Doctors struggle to spot AI-made X-rays, raising fraud concerns

Radiologists are struggling to distinguish AI-generated chest X-rays from authentic clinical images, according to a growing body of research that raises serious questions about fraud, misdiagnosis, and the integrity of medical records. Multiple reader studies now show that synthetic scans produced by generative models can fool trained physicians and automated detection systems alike. The findings carry direct implications for insurance claims processing, diagnostic accuracy, and patient safety across the healthcare system.

Synthetic Scans That Fool Trained Eyes

The core problem is straightforward: generative AI has gotten good enough at producing medical images that the people trained to read them cannot reliably tell the difference.
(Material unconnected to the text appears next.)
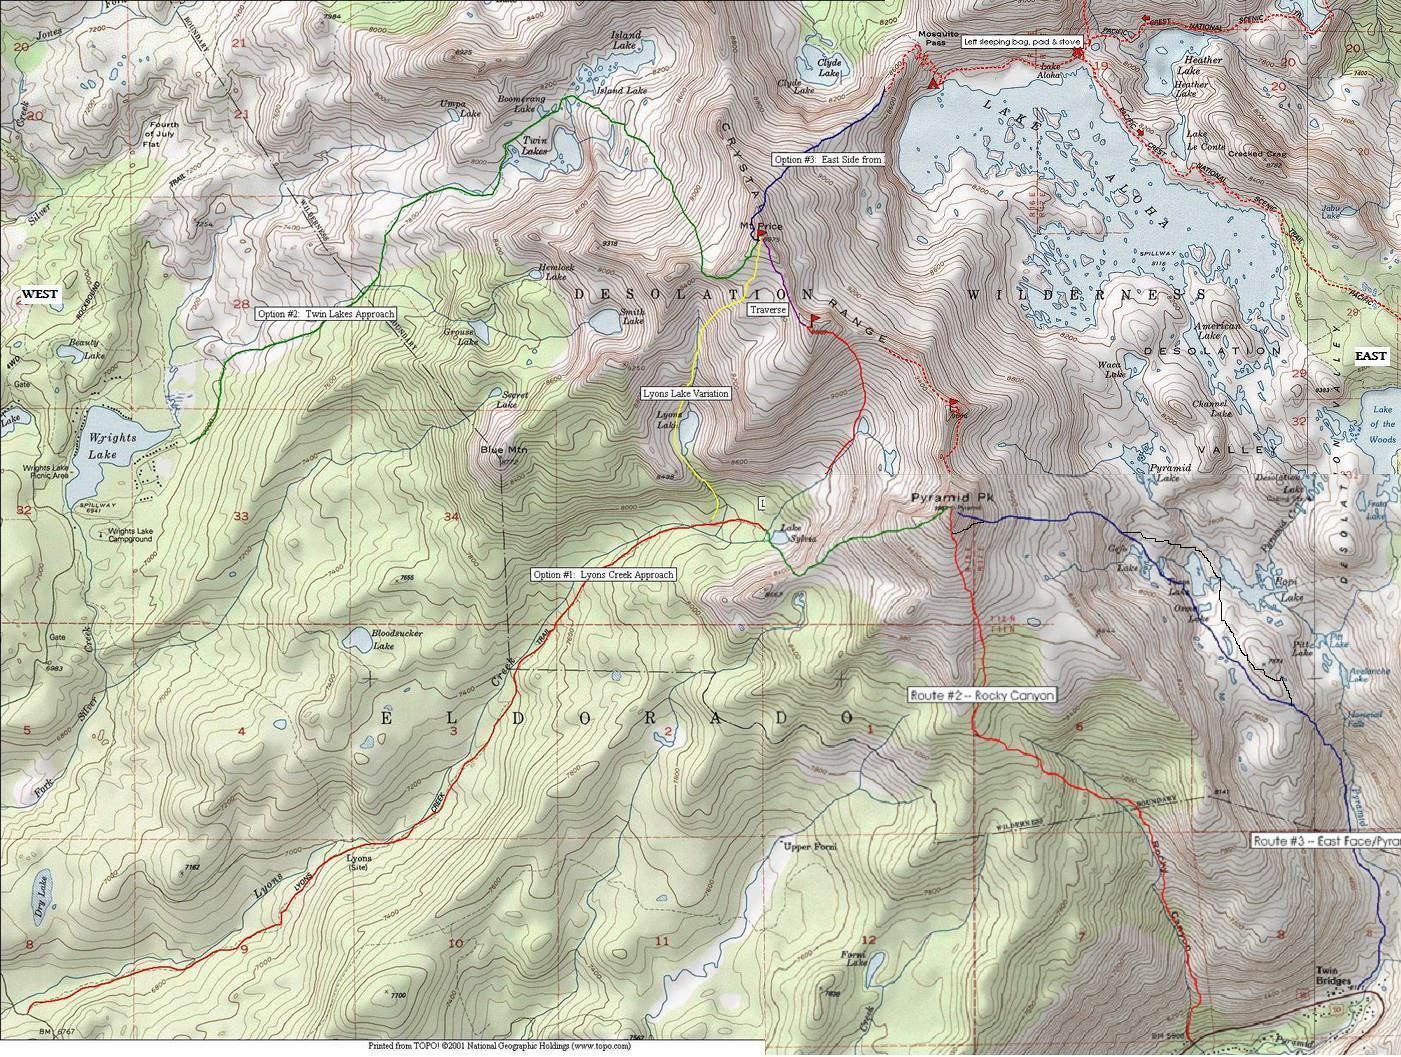 on desolation wilderness map

A gaze-tracking experiment described in the paper on radiologist eye movements found that clinicians fixated on similar visual features whether they were examining real or synthetic images. Their eye patterns, which typically reveal diagnostic reasoning, did not consistently shift when viewing AI-generated content. That similarity in gaze behavior suggests the fakes are not just superficially convincing but structurally close enough to real pathology to bypass expert scrutiny.

Separate research reinforces this finding. In a study covered by a Science Daily report, deepfake X-rays created by AI proved convincing enough to fool both doctors and AI models, with radiologists showing limited success in tests designed to measure their detection ability. The technology is no longer theoretical or confined to computer science labs. It has reached a level of fidelity that challenges the assumptions underlying clinical image review and threatens to blur the line between legitimate and fabricated evidence in patient records.

From Chest Scans to Cancer Fabrication

The threat extends well beyond chest X-rays. A foundational study known as CT-GAN demonstrated that generative models can tamper with three-dimensional CT scans to insert or delete lung tumors, deceiving both human clinicians and machine learning diagnostic systems. That work, later presented at a major security conference, explicitly framed real-world motives for such attacks, including insurance fraud and targeted harm. The ability to fabricate or erase signs of a life-threatening disease in a medical scan represents a qualitatively different kind of risk than most deepfake concerns, because the consequences land directly on individual patients and the financial systems that pay for their care.

Mammography faces similar vulnerabilities. A peer-reviewed study in a Nature Communications article showed that GAN-synthesized adversarial images could insert or remove lesions in breast imaging, fooling AI diagnostic systems that had been trained on large datasets. That same research discussed the limits of expecting radiologists to catch such manipulations, noting that subtle pixel-level perturbations can create or hide clinically meaningful findings without obvious visual artifacts. This complicates the common assumption that human oversight will serve as a reliable backstop against AI-generated fakes.

How Diffusion Models Raise the Bar

Newer generative architectures are making the problem harder to contain. RoentGen, a diffusion-based chest X-ray generator, can produce images conditioned on text prompts using domain-specific radiology language. Human experts who evaluated the outputs found them visually convincing and controllable, meaning a user can specify a clinical condition in plain medical terminology and receive a synthetic scan that matches the description. This kind of precision turns image generation from a blunt instrument into a targeted one, enabling tailored forgeries that mirror real disease patterns.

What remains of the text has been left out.